- Work required: Word-for-word transcription: reproduce all of the data, but not the pictures.

- Data below:
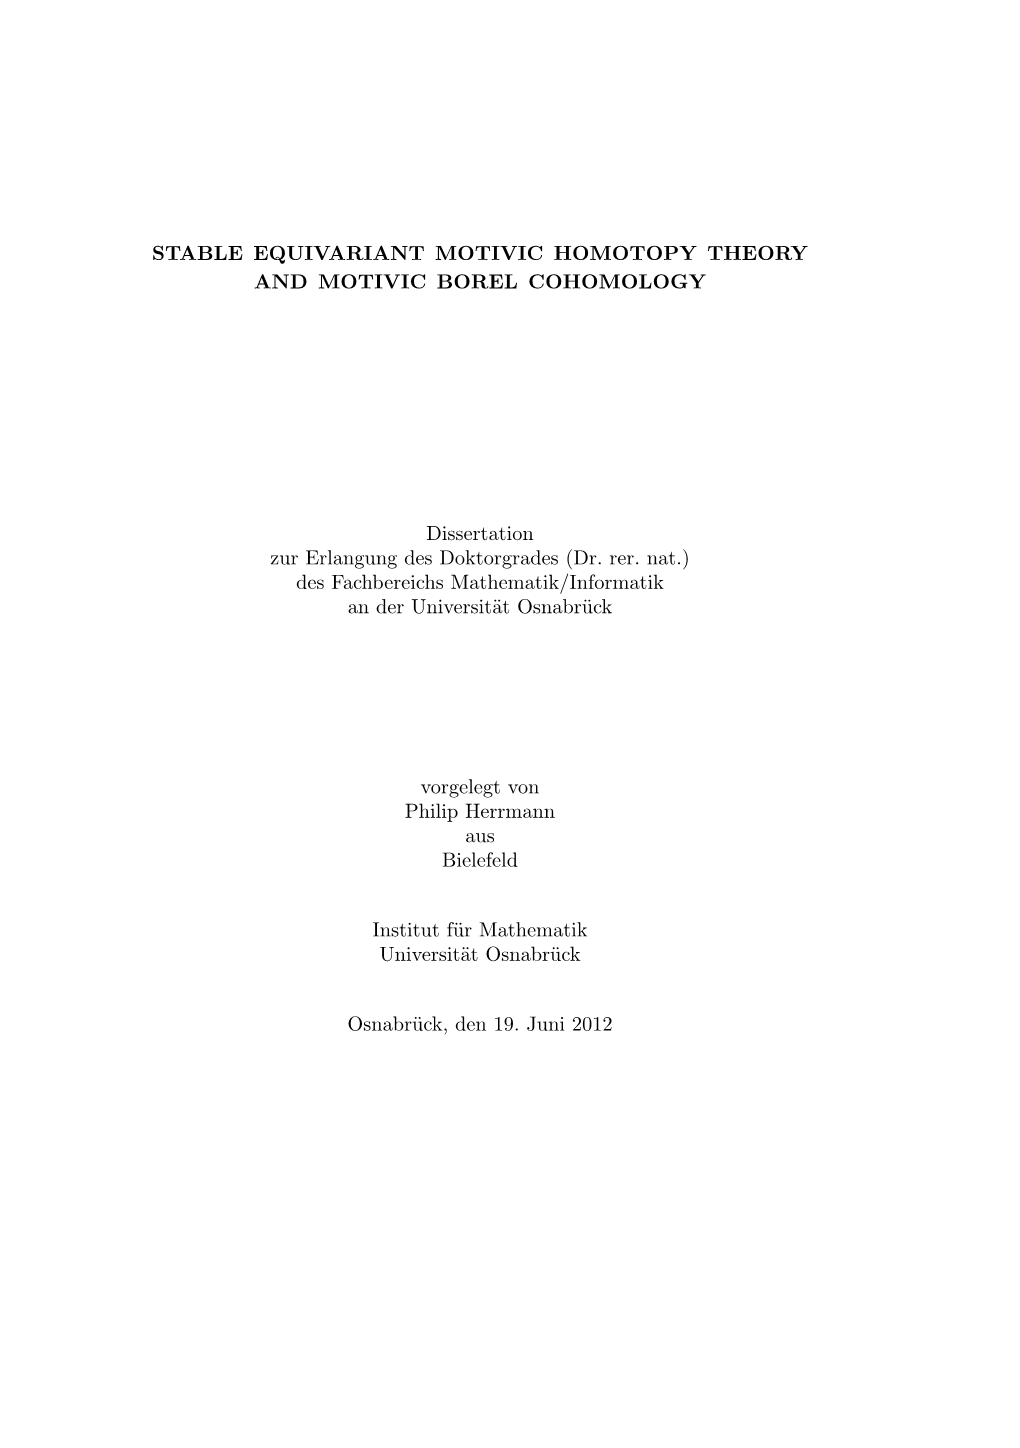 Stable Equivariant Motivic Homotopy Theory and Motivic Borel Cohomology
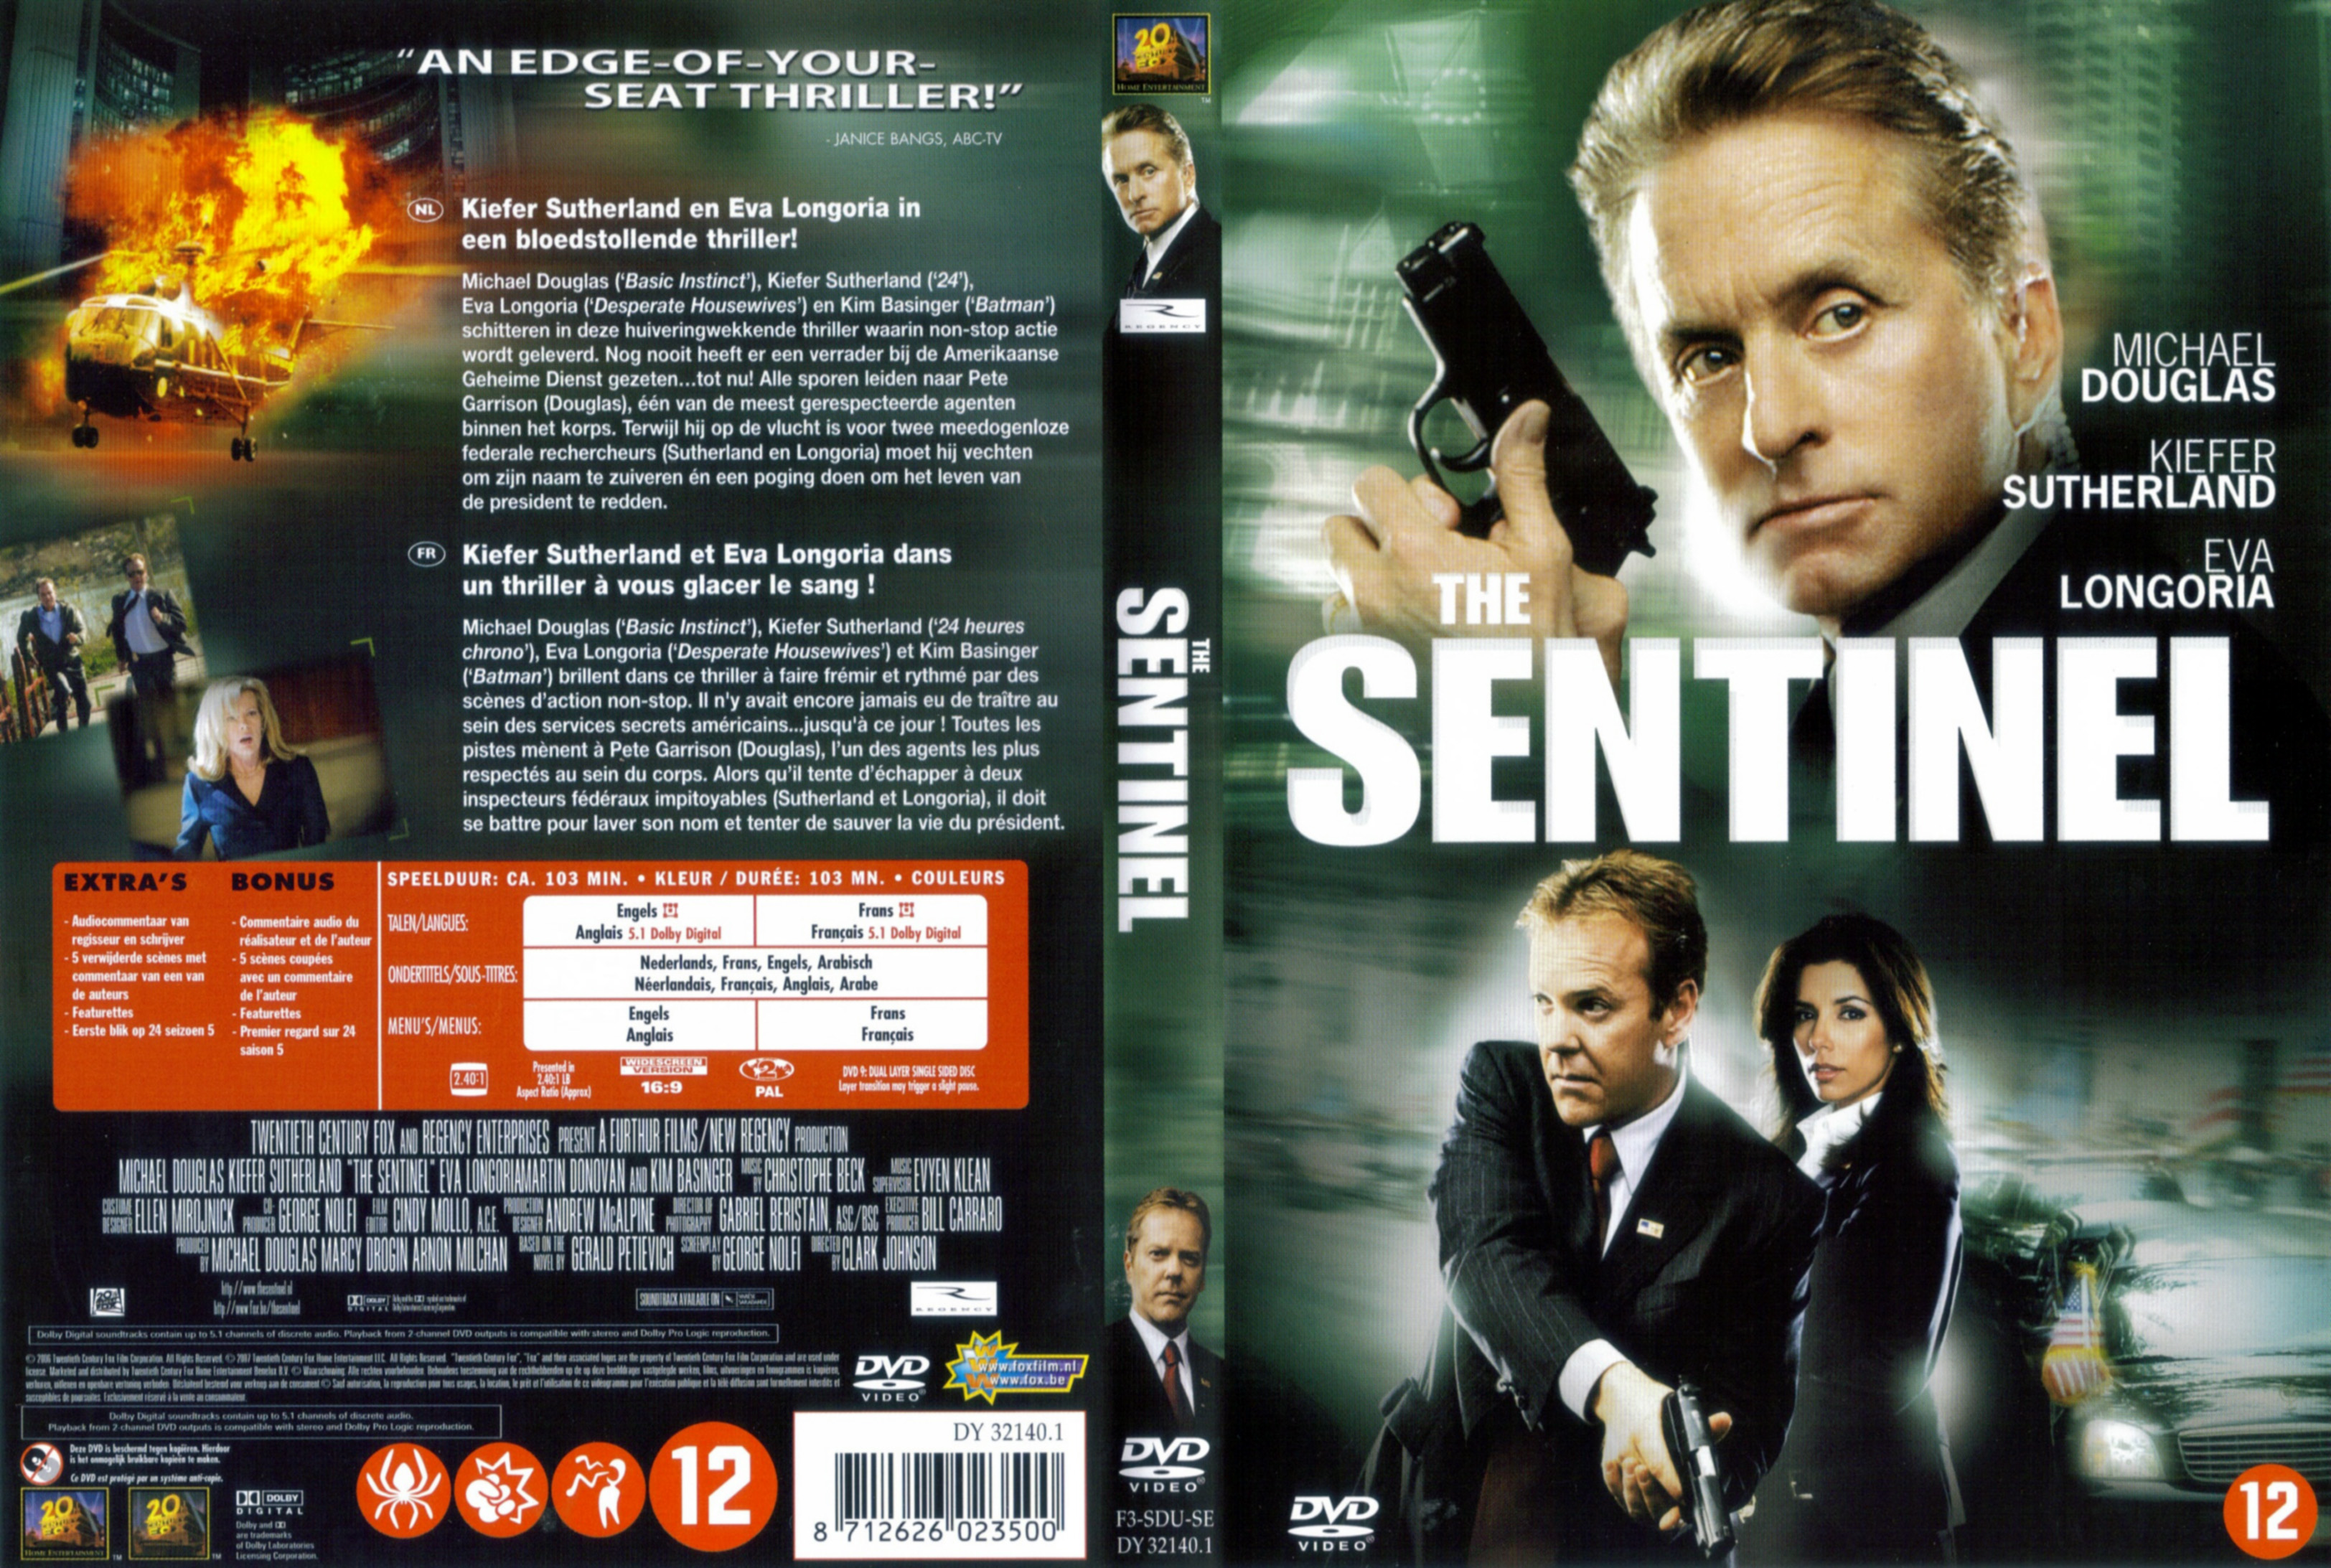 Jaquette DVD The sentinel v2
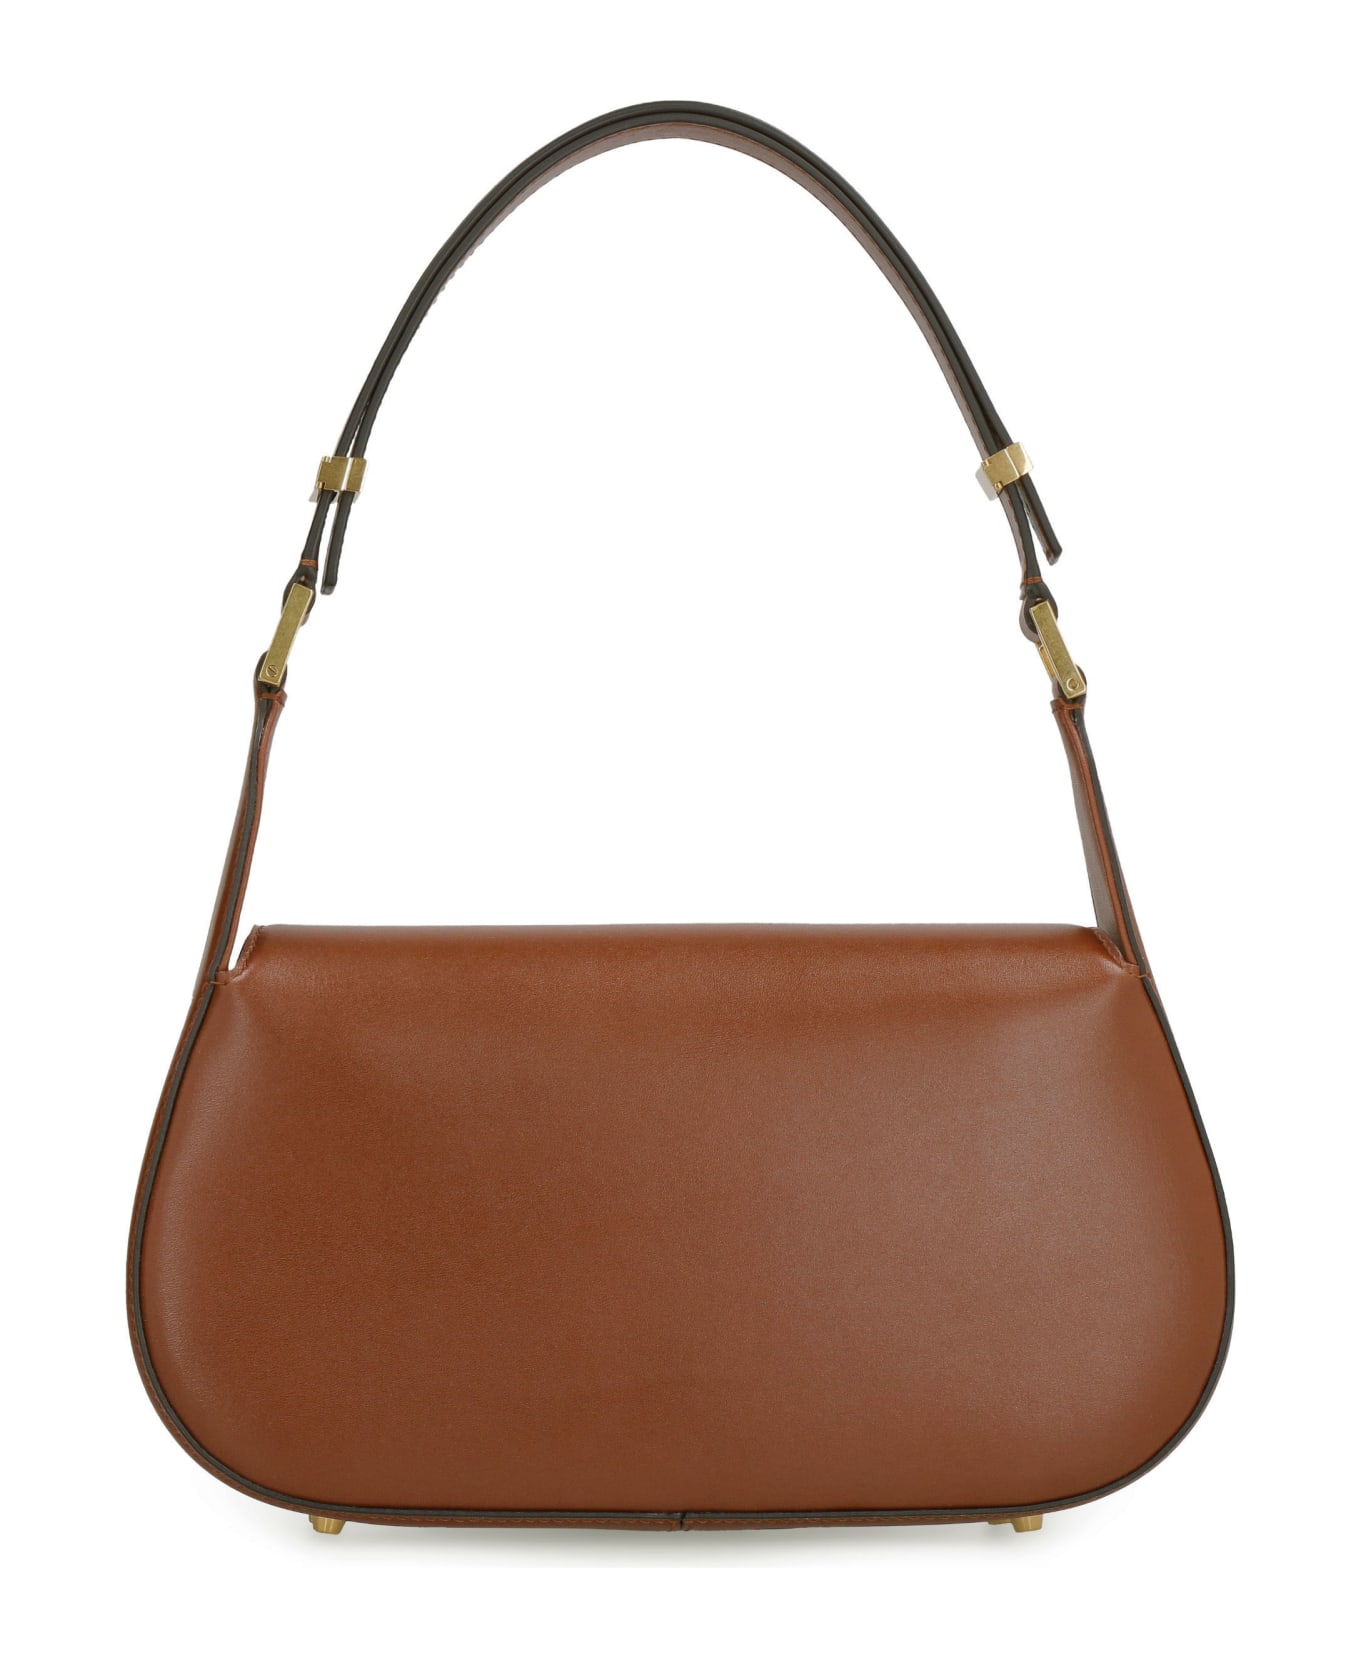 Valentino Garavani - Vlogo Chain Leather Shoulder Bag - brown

- Written response:
 Stable Equivariant Motivic Homotopy Theory and Motivic Borel Cohomology
 Jaquette DVD The sentinel v2
 Valentino Garavani - Vlogo Chain Leather Shoulder Bag - brown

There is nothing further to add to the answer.